L'athlète effectuait des mouvements toujours plus complexes, passant d'un angle à
l'autre du praticable avec une rapidité presque impossible. On entendait son corps
trancher l'air de manière très réaliste, le son était d'une précision à couper le souffle,
littéralement. On aurait dit qu'elle tentait de tracer une figure géométrique, d'exprimer
avec son corps, ses déplacements, quelque chose d'innommable. La formule d'une
défaite, d'un naufrage incommensurables.
Puis elle s'est soudainement écroulée. A ce moment-là, trois nains ou trois enfants
éclopés et difformes, d'une saleté répugnante, comme si on venait juste de les tirer des
égoûts de la ville, sont entrés dans le cadre. Ils ont rampé jusqu'à elle et se sont mis à la
lécher, jusqu'à ce qu'elle gémisse d'une façon telle qu'on n'aurait su dire si c'était de
plaisir ou de dégoût. Quand ils ont sorti leurs membres dressés, et qu'au moment où ils
la pénétraient j'ai entendu crépiter les mitraillettes, transformant ce spectacle en une
vraie scène de boucherie, je n'y ai plus tenu, je me suis levée et j'ai éteint la télé.

Je suis retournée à ma place dans le canapé, sans pouvoir prononcer un mot. Après
un long, très long silence, j'ai trouvé la force de regarder mon fils, et mon fils s'est
tourné vers moi et m'a dit qu'il était malade, et qu'il allait mourir.
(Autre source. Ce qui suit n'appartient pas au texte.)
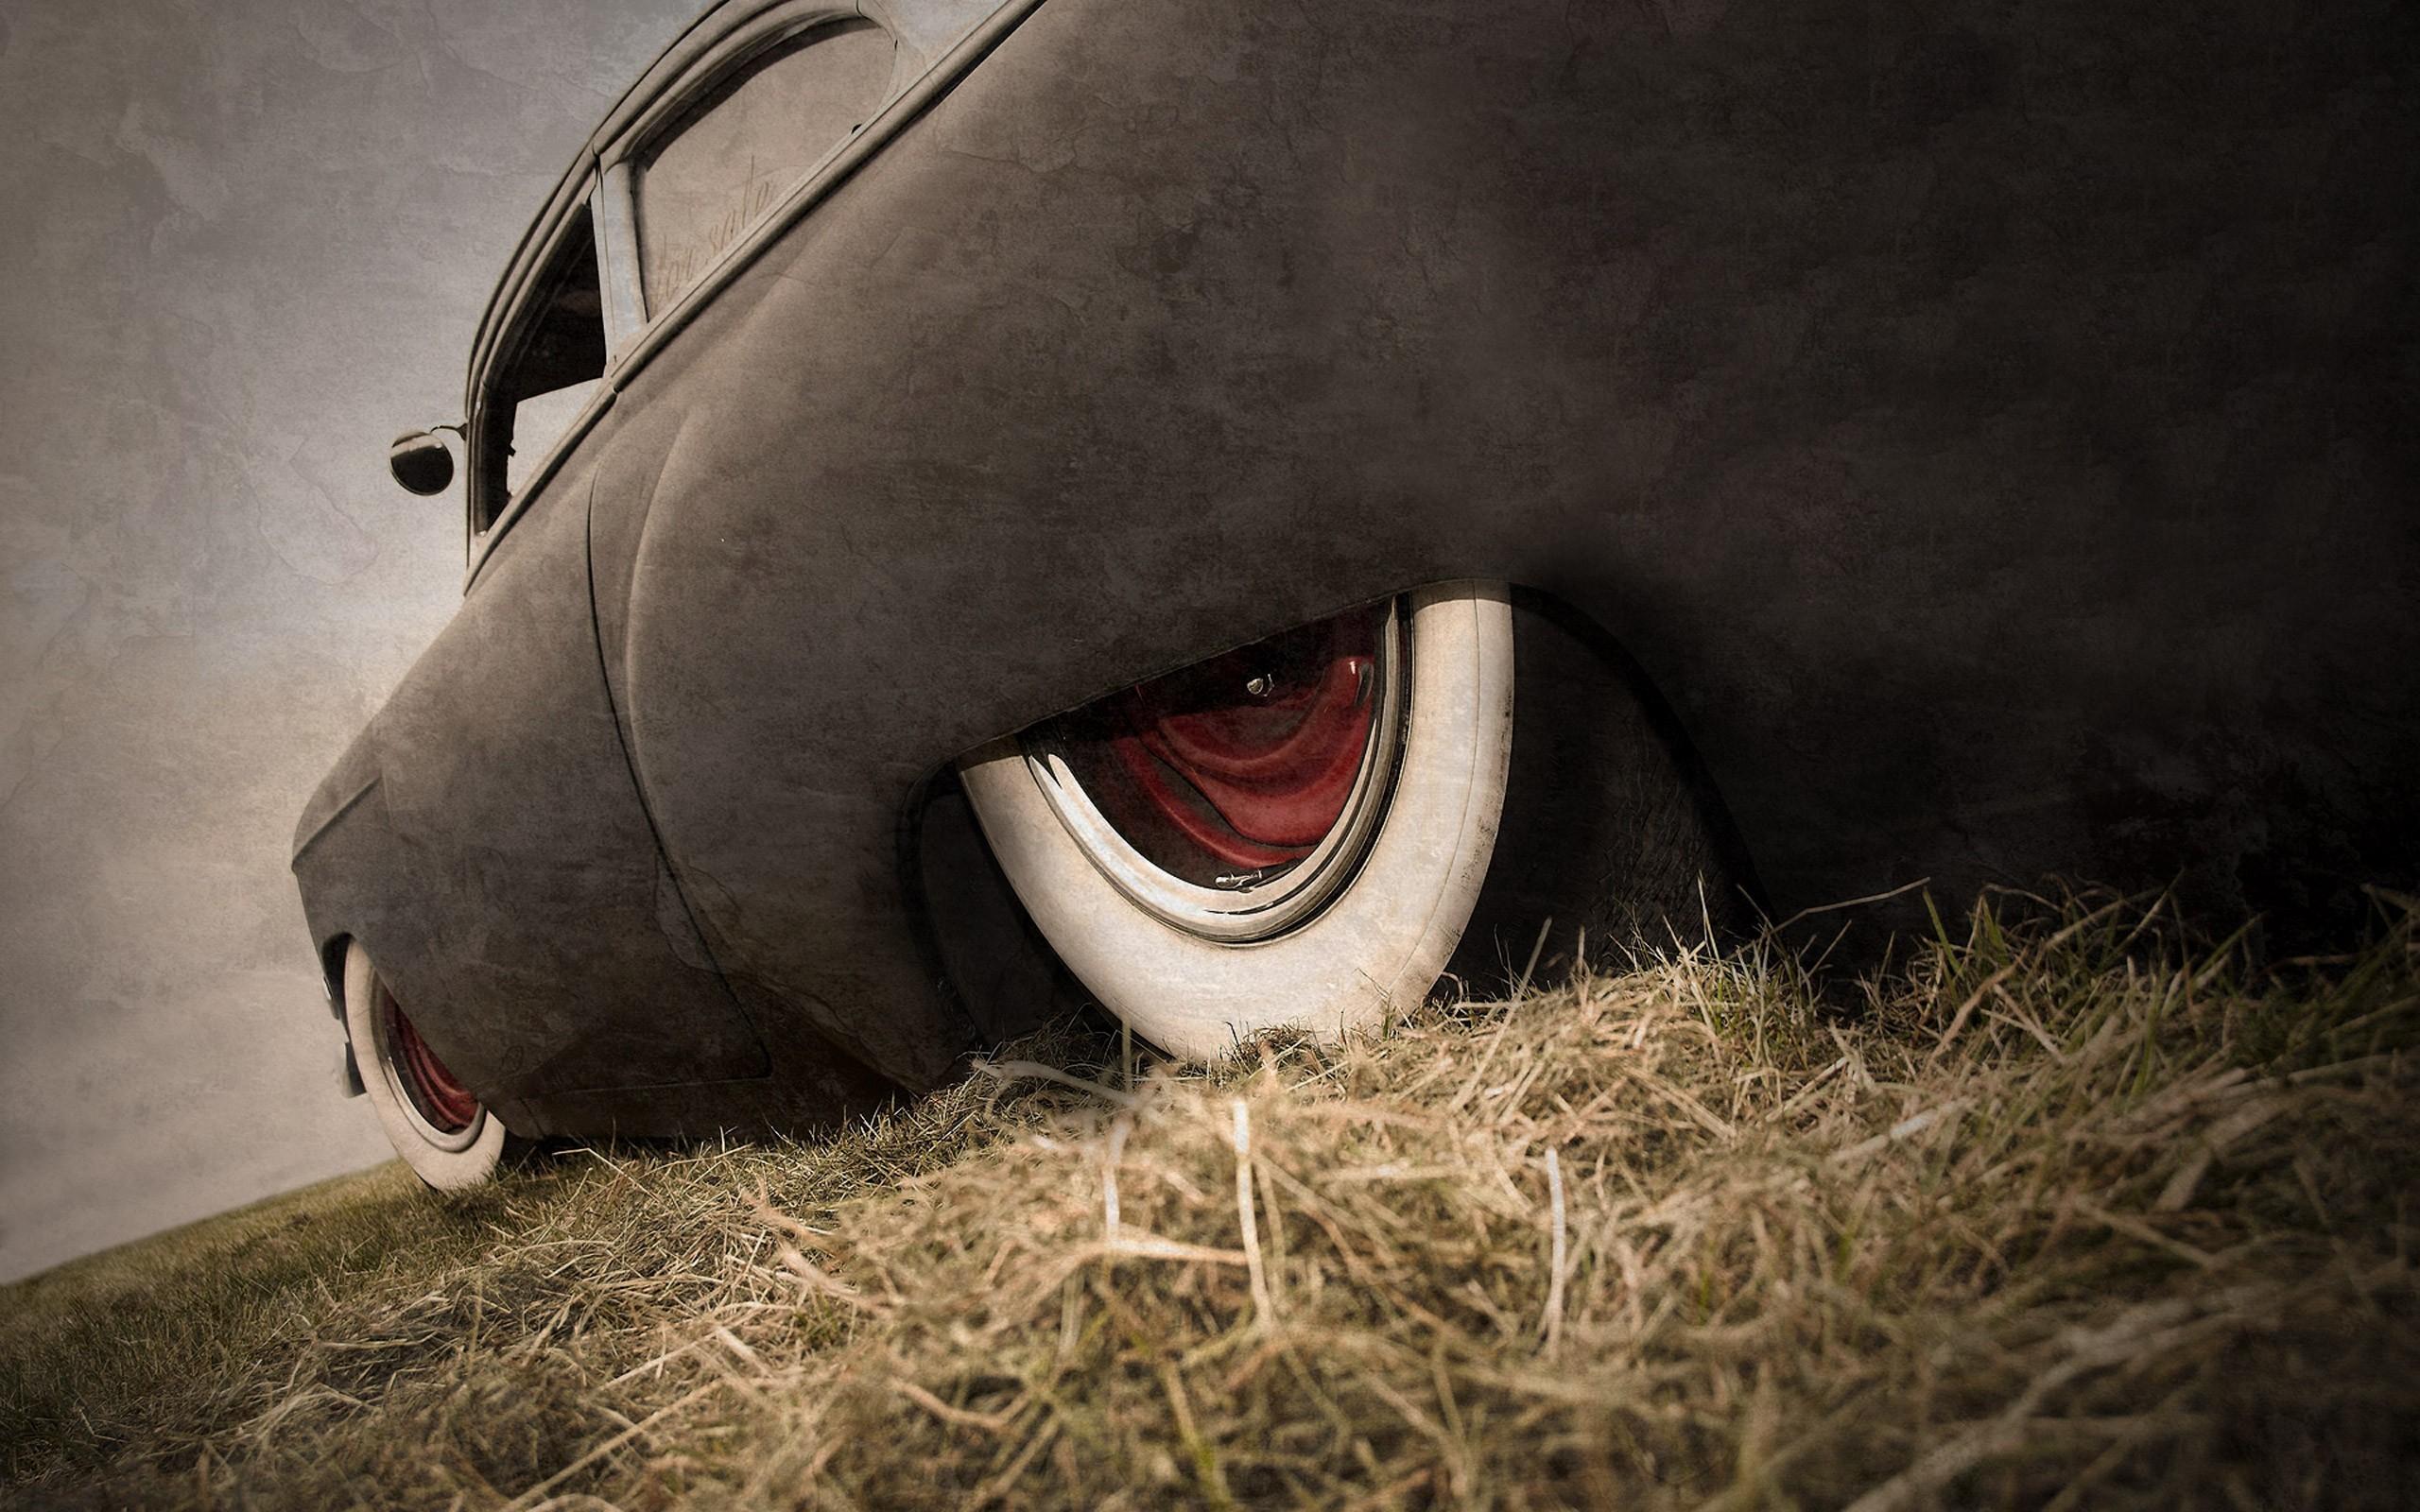 Lowrider Hot Rod Classic Car Grass Rat Rod Wallpaper - Auto Rat Rod Hd - HD Wallpaper

C'est alors que je me suis rappelée que le lendemain de sa naissance, le 25 décembre


1989, j'avais regardé dans la chambre de la maternité la retransmission en direct du
procès et de l'exécution d'un dictateur et de sa femme. C'était la nuit, j'écoutais la
respiration du petit, m'attendant d'un moment à l'autre à ce qu'il se réveille, incapable de
m'endormir bien que tout à fait épuisée.  Je n'avais pas dormi deux minutes depuis le
début de mes contractions. La télé ronronnait, presque sans le son, et ma conscience ou
ce qu'il en restait s'y accrochait comme à une bouée. Voilà donc qu'entre deux
assoupissements m'aparaissent ces deux vieillards autocrates et leurs accusateurs, une
cour de fortune composée de jurés comme tombés là tout à fait par hasard. Je ne
connaissais certes rien de ce pays mais ce procès ressemblait à un simulacre absurde,
une farce de fin du monde, expédiée dans un sous-sol ou une salle d'attente, où seuls
triomphaient le ressentiment et la vengeance, un désir énorme, aveugle, anonyme, de
faire table rase, d'en finir avec tout. Sans égard pour rien ni personne.
Peut-être était-ce la fatigue, je me suis alors mise à rire. Un rire muet d'abord, je ne
voulais pas réveiller le petit, mais il me fut bientôt impossible de l'arrêter, ce ricanement
silencieux enflait et sifflait affreusement comme les balles de mitraillettes, comme les
cris des accusateurs, comme les flammes dévorant le palais, comme les gémissements
des nains turgescents, comme les halètements de la gymnaste, comme les clapotements
informes sortant du trou de l'agonisant, comme les hoquets de mon bébé qui hurlait
maintenant, comme les influx de mes nerfs épuisés, je n'arrivais pas à m'arrêter, pliée en
deux dans la nuit d'hôpital, des larmes coulant sur mes joues, je n'arrivais pas à éteindre
l'incendie de ce rire affreux. Sans doute n'était-ce que le délire de la fatigue, mais quand
j'ai finalement cessé de rire une image s'est imposée à moi, une vision qui me montrait
le monde, notre monde et tout ce qu'il contient, consumé dans ce même rire grotesque,
cruel et désespéré, comme un gigantesque feu de connerie, un feu provoqué par une
espèce pyromane, un feu où Bien et Mal seraient réduits en un tas de cendres et dans ces
cendres plus rien ne pourrait plus être distingué.

J'avais relevé les yeux sur l'écran muet du téléviseur et vu les vieux corps criblés de
balles qui s'affaissaient piteusement au bas d'un mur de béton, et tout m'avait soudain
paru sale, trivial et sans espoir, et je m'étais dit, je m'en souviens maintenant, que j'avais
commis une erreur en mettant au monde un enfant.